- _The input_
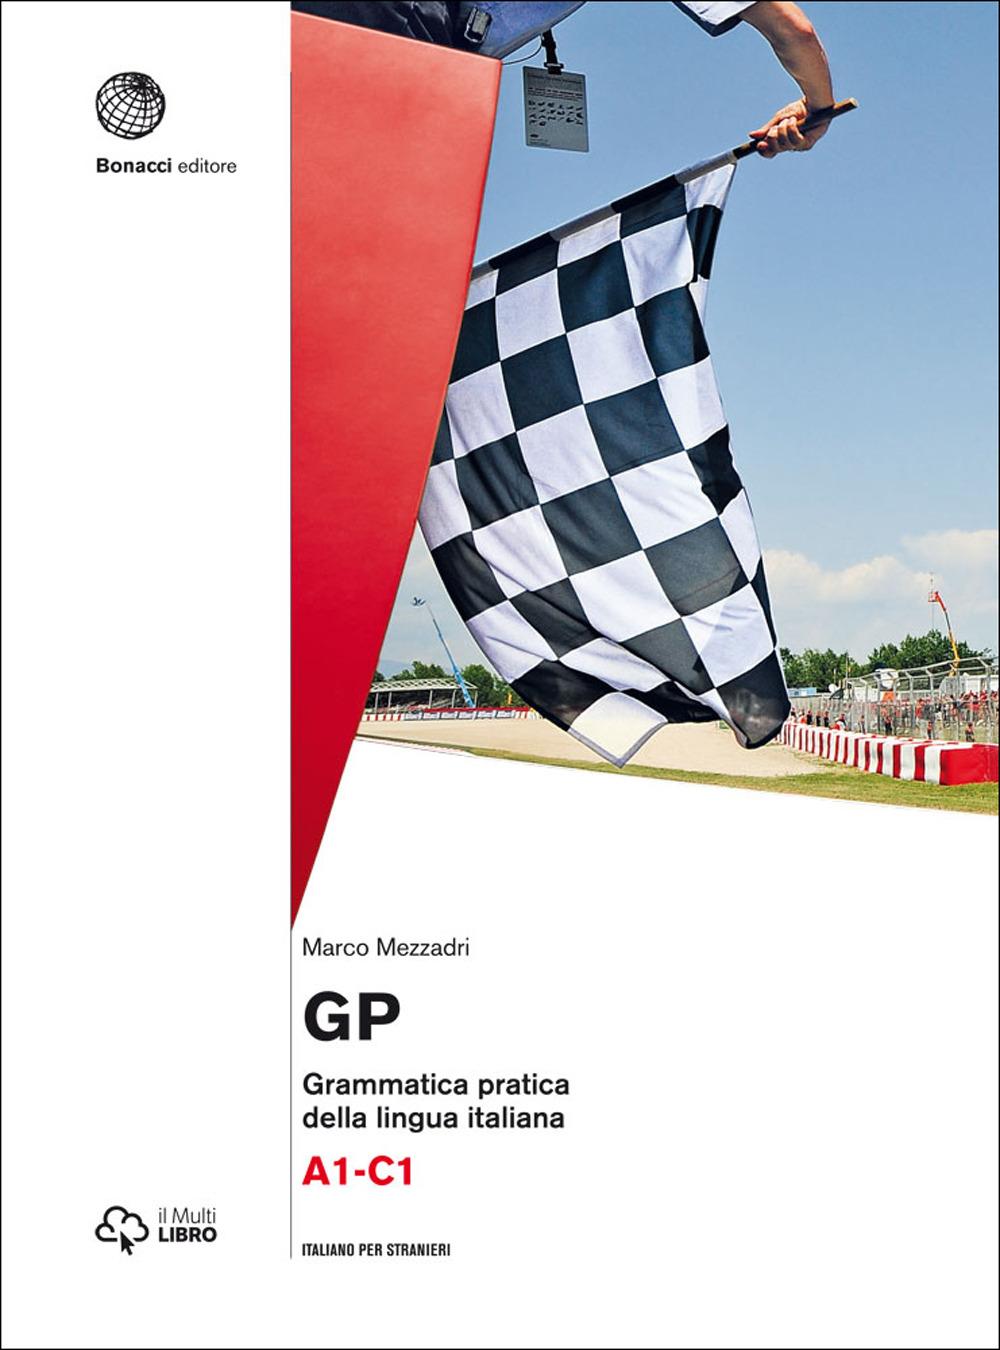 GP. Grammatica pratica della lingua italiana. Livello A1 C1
--
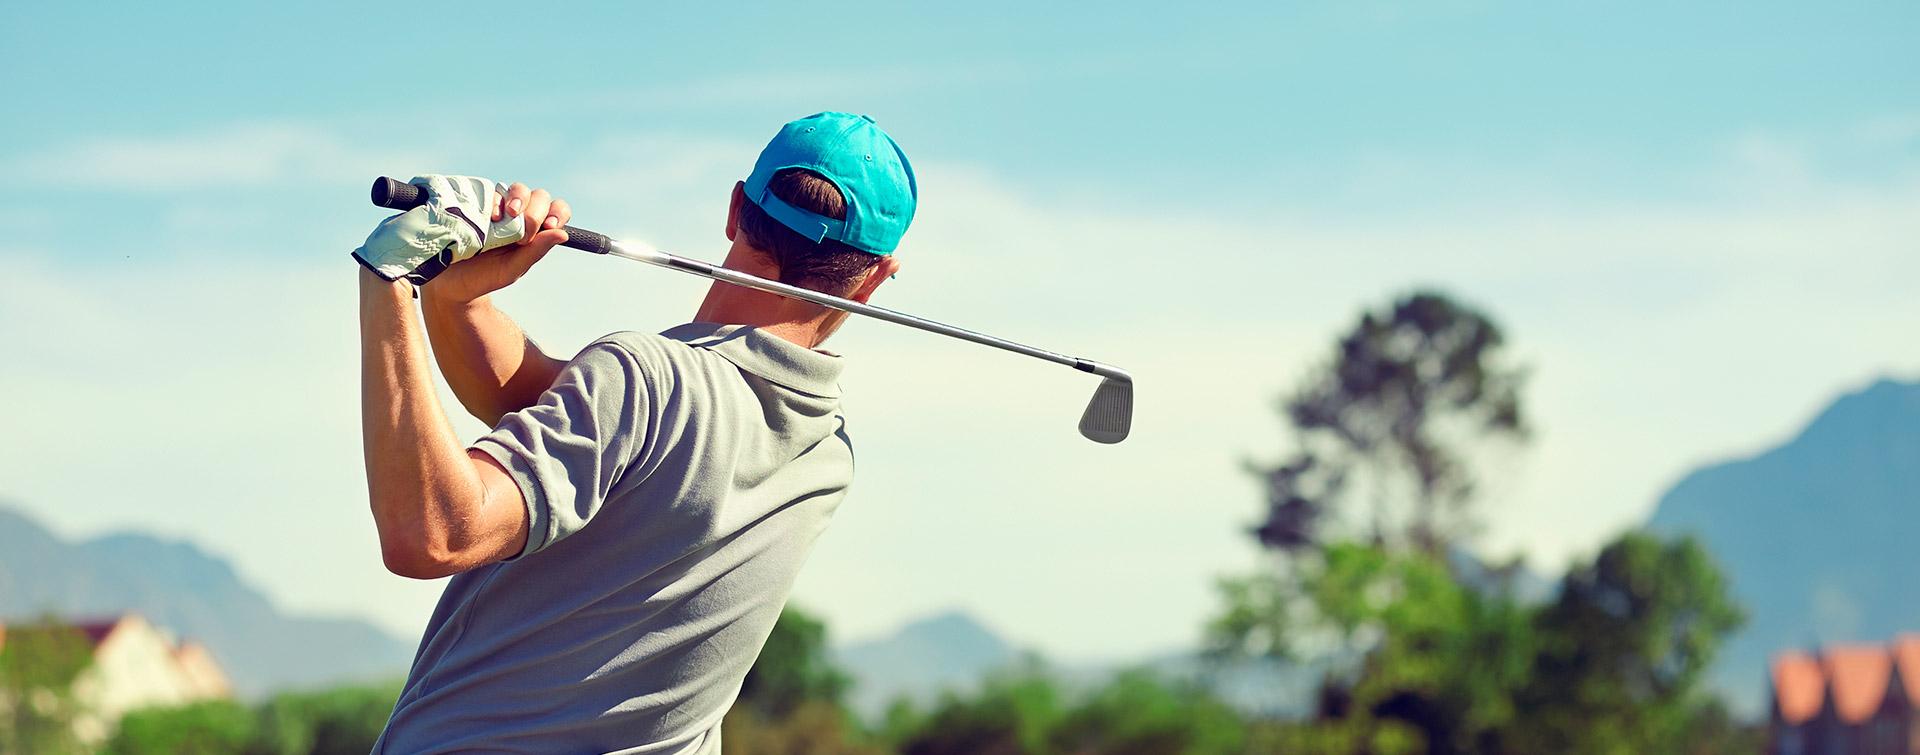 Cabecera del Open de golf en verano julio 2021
---
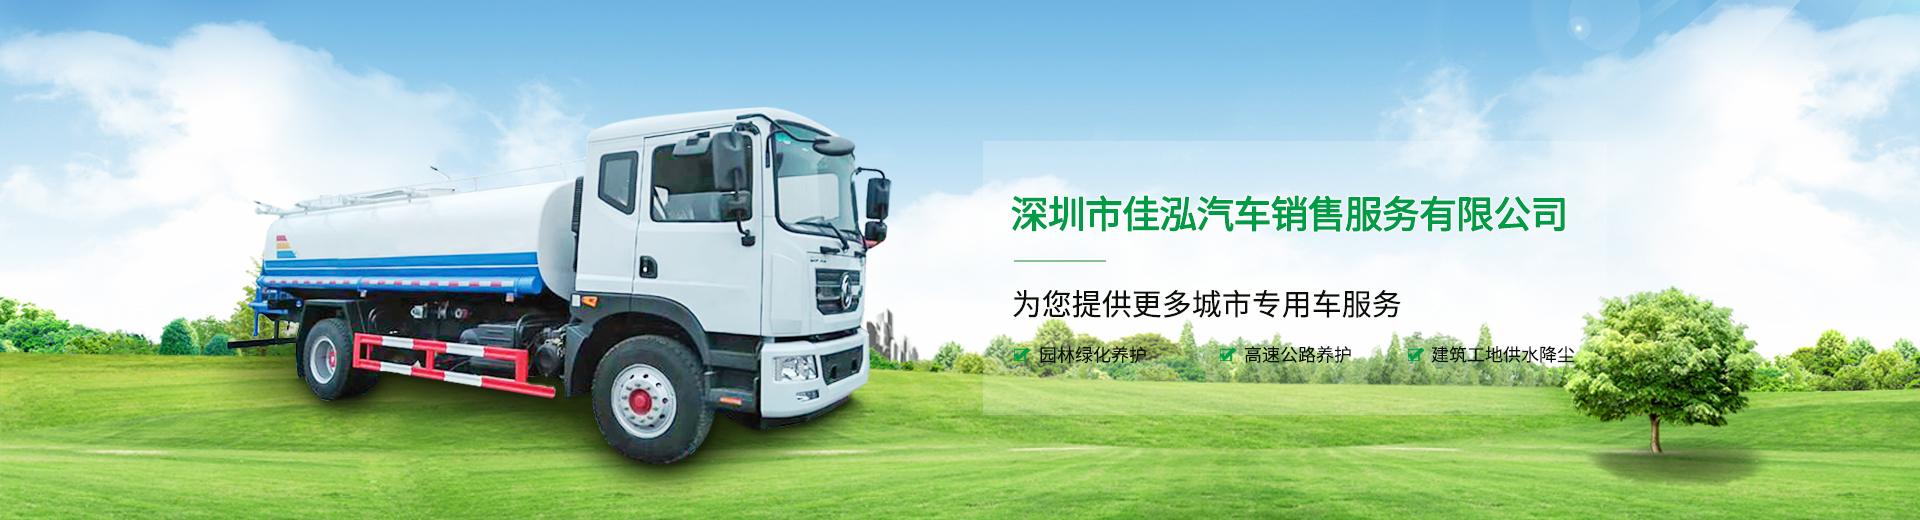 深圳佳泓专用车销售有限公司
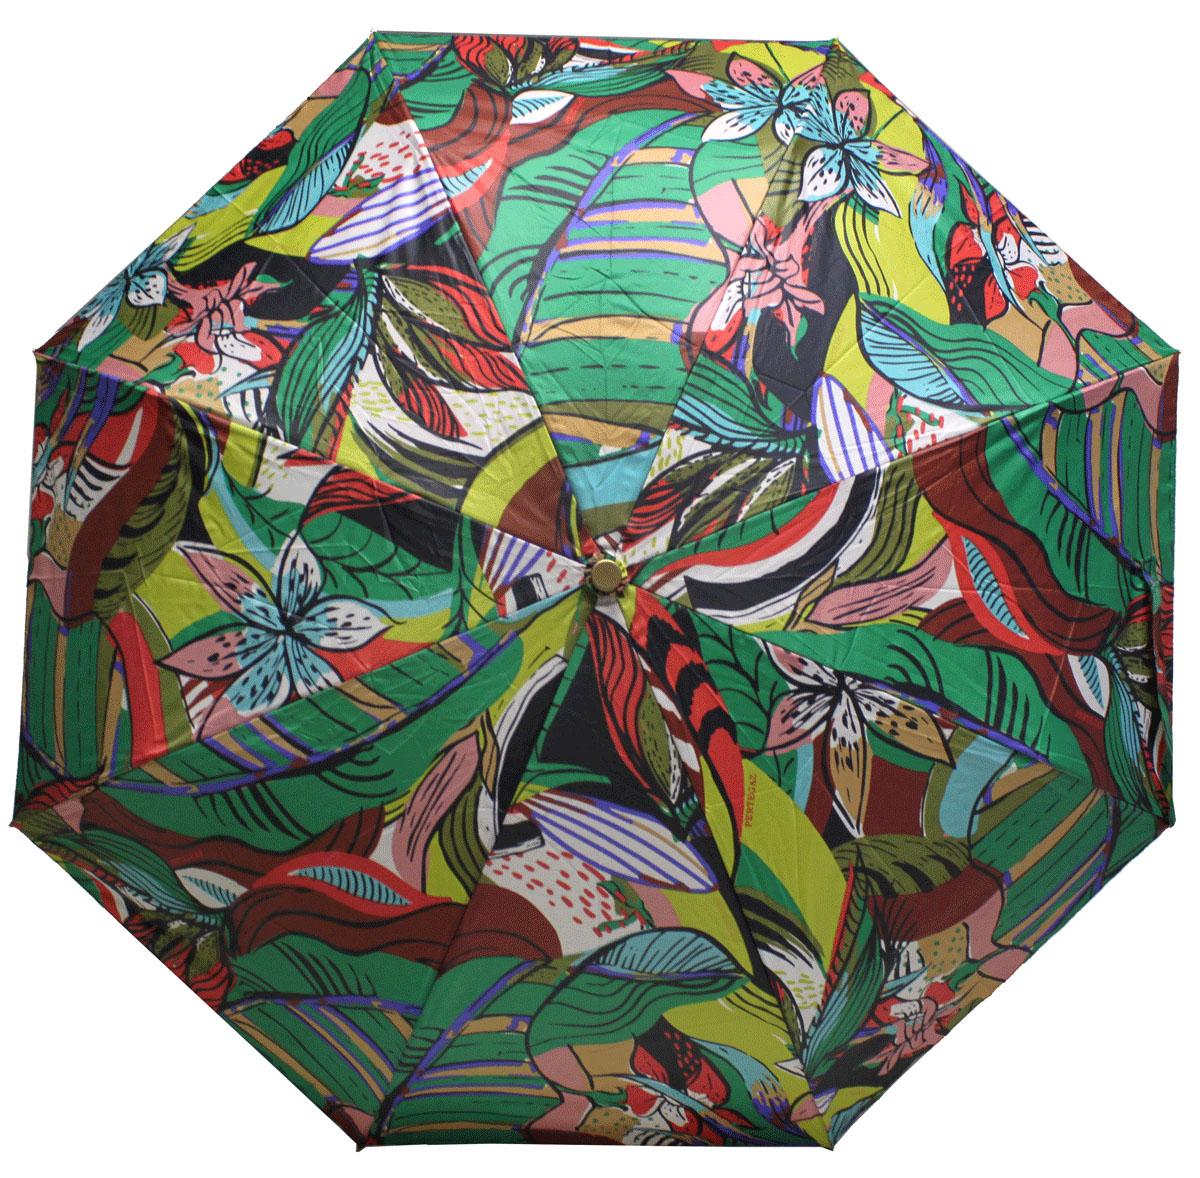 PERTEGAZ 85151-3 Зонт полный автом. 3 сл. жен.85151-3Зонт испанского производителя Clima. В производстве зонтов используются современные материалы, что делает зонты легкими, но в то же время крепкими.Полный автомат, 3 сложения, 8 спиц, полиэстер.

- _About this task_
Return the lines above from the one with "深圳佳泓专用车销售有限公司" through the one with "PERTEGAZ 85151-3 Зонт", verbatim and nothing else. Omit every picture.

- _Solution below_
 深圳佳泓专用车销售有限公司
 PERTEGAZ 85151-3 Зонт полный автом. 3 сл. жен.85151-3Зонт испанского производителя Clima. В производстве зонтов используются современные материалы, что делает зонты легкими, но в то же время крепкими.Полный автомат, 3 сложения, 8 спиц, полиэстер.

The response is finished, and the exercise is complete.